The biggest surge in government debt yields in five years threatens to undermine the BOJ's stimulus, with companies... pulling bond sales amid the tumult. The prospects of a growth rebound and the emergence of inflation has contributed to sending the rate on 10-year bonds up more than a quarter percentage point in two weeks.

The American pattern for stocks and bond yields right now, shown towards the end of the figure below, is more like what you might expect in a period where the underlying economy is still weak and the central bank is pumping serious cash into the system ($85 bn/month in the U.S. case through "quantitative easing"). Equities are rallying on high corporate profits, low costs, and expectations of future growth, while Treasury yields are low in keeping with the Fed's monetary stimulus.

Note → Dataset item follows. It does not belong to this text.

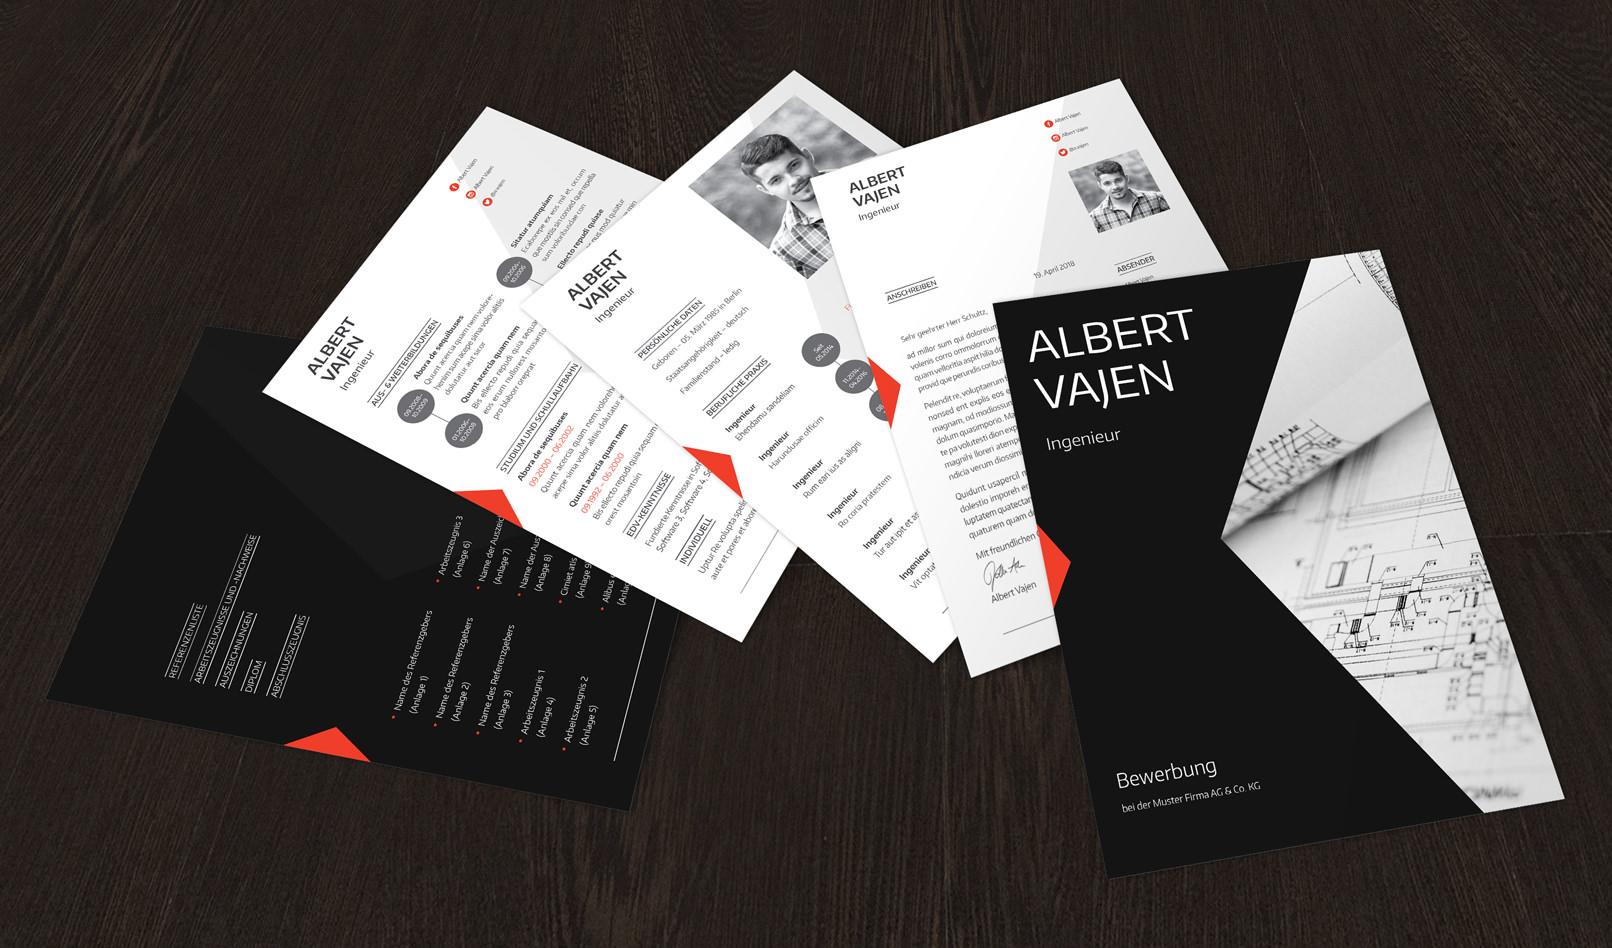 Bewerbungsvorlagen für Architekten und Ingenieure

On the other hand, the climbing yields on JGBs is worrisome on three counts. First, the central bank wants a low and stable cost of borrowing to get investors back in the game. Second, higher yields on government bonds make it pricier to service the large stock of Japanese public debt, and third, reducing bond yields and volatility adds another ball to the juggling act in which Japan's economic officials are engaged.

The BOJ's governor, Haruhiko Kuroda, told the press he had it covered: the bank would conduct their bond purchases in a "flexible manner" to get the yields down and under control. OK, but that there is some fine tuning amidst a lot of moving parts. Perhaps what's happening with yields is no more than temporary hiccup, where the anticipation of growth and inflation are generating a whiff of something that hasn't been in the Japanese air for many a year: hope, confidence, and the sense that policy makers are truly committed to reflating the long moribund economy.